This work led to his discovery of unique cell-destroying viruses that were not recognized by the immune system. Termed "stealth viruses," some of which he thought had clearly originated from the simian cytomegalic virus, these viruses were missing specific genes, which, if expressed, would induce immune responses from the host.(20,21)

It should be admitted that this work is preliminary, and no definitive conclusions can be drawn from it, but the need for further intensive investigation should be apparent.

Overdue in the opinion of many, on June 17, 1999, U.S. government officials voted to withdraw their recommendation for the use of the live oral polio vaccine and to recommend exclusive use of the inactive (Salk) polio vaccine, because the former has been the only remaining source of polio cases, though rare, in the U.S. since 1979.

In summary, it is possible that either the MMR or the oral polio vaccines, by mechanisms described above, may induce a process of encephalitis or brain inflammation, which may be highly prevalent but as yet rarely recognized for its true nature.

Genetic Implications of "Live Virus" Vaccines
In an October 1967 letter to the editor of Science magazine, Joshua Lederberg, Department of Genetics, Stanford University School of Medicine, warned about live-virus vaccines: In point of fact, we (are practicing) biological engineering on a rather large scale by use of live viruses in mass immunization campaigns...Crude virus preparations, such as some in common use at the present time, are also vulnerable to frightful mishaps of contamination and misidentification.(22)

With this sobering warning, made over 3 decades ago, it may sadly prove to be prophetic for what we are seeing today.

Damage May Yet Escalate

As another concept, it is highly pertinent that many of today's children are second-generation vaccines; that is, they are born to mothers previously vaccinated with the measles, mumps, and/or rubella vaccines.

It is possible the reaction rates in the second-generation vaccines may be happening on a much larger scale due to previous sensitization of mothers from their vaccines, this sensitization being transmitted in turn to the fetus during pregnancy.(23) If this process is taking place, something we cannot know until appropriate research is done, there predictably will be additional increases in autism beyond that already taking place, should the process be continued into yet another third generation.

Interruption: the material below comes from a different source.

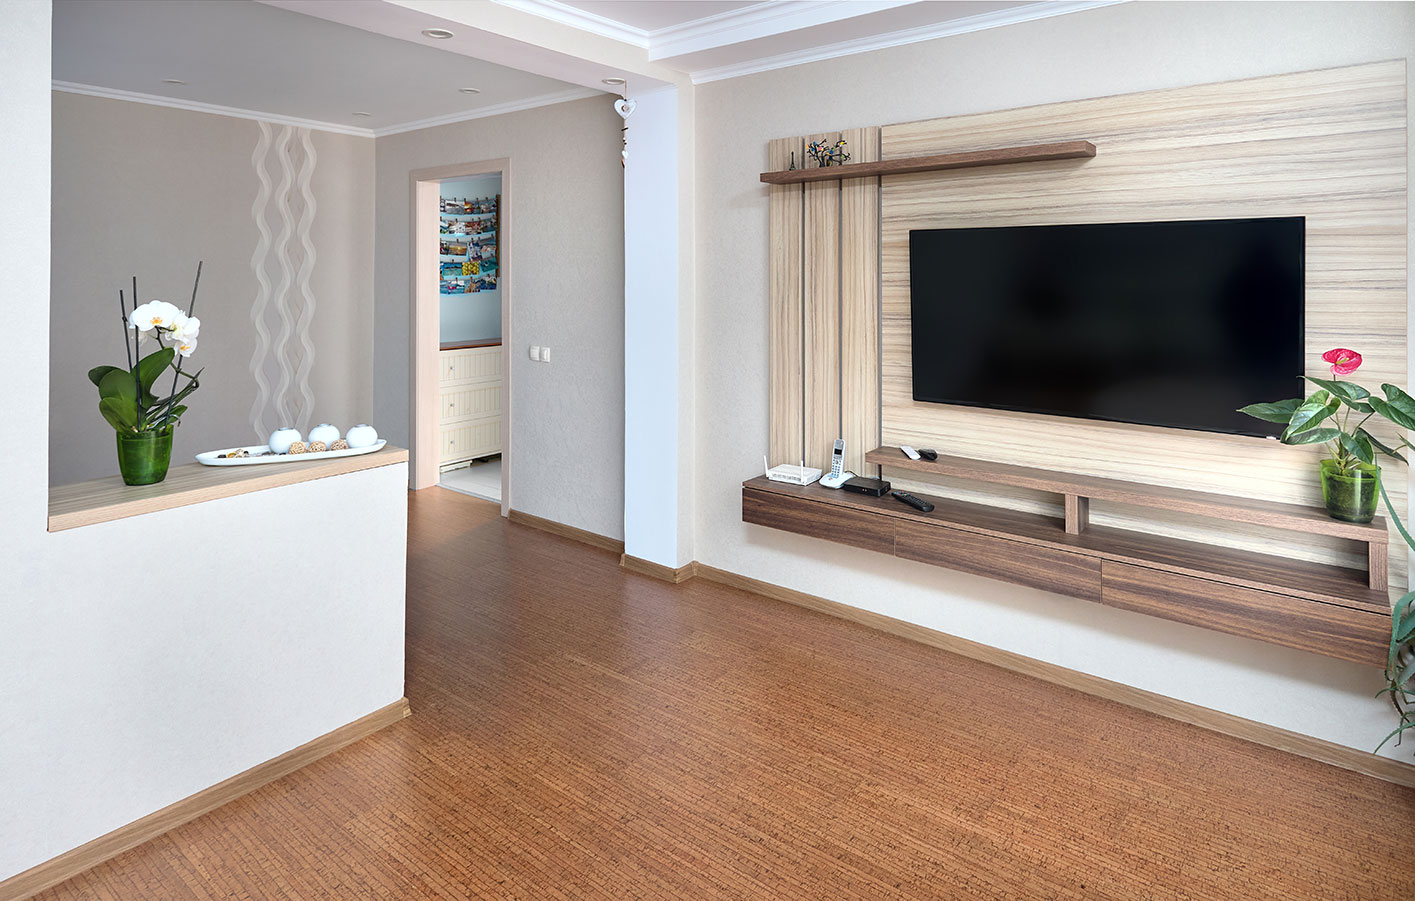 Korkboden in einem Wohnzimmer mit moderner Einrichtung
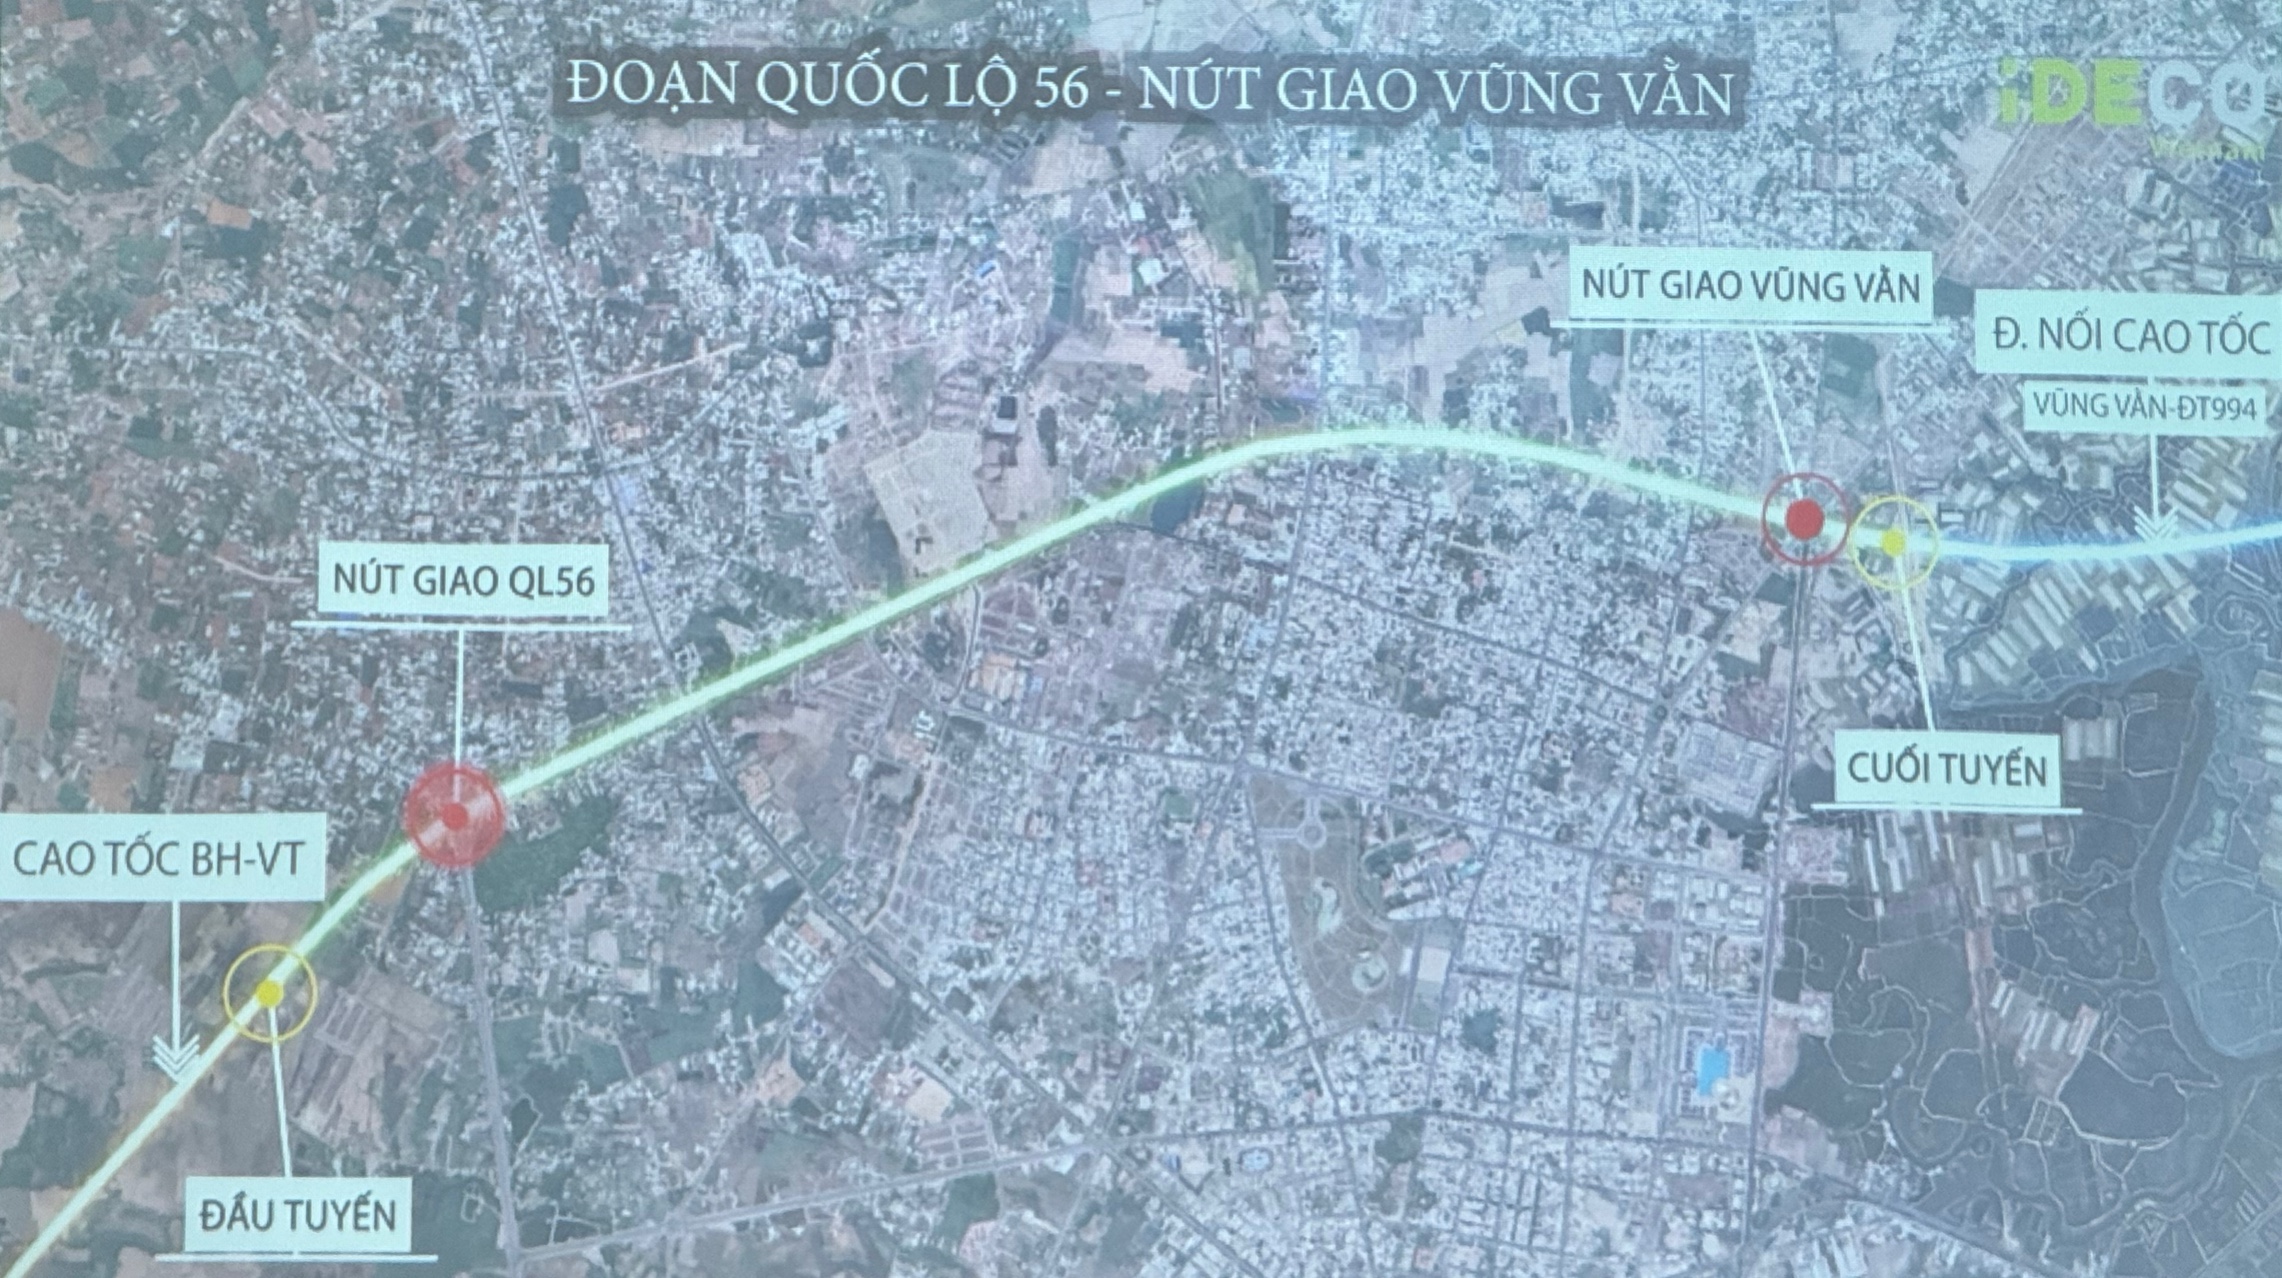 Đường kết nối cao tốc Biên Hòa - Vũng Tàu có mặt bằng trong tháng 7- Ảnh 1.

Time may prove that vaccine programs went awry when they deviated from the most basic of all medical ethics, the right of parents to accept or reject vaccines for their children. Freedom of choice provides a system of checks and balances now lacking.

At the very least, this would provide the parents the power to compel better safety screening of vaccines. The remedy? The government should stop violating the right of informed consent, or the parents' right to accept or reject vaccines for their children based on full and uncensored disclosure of pros and cons.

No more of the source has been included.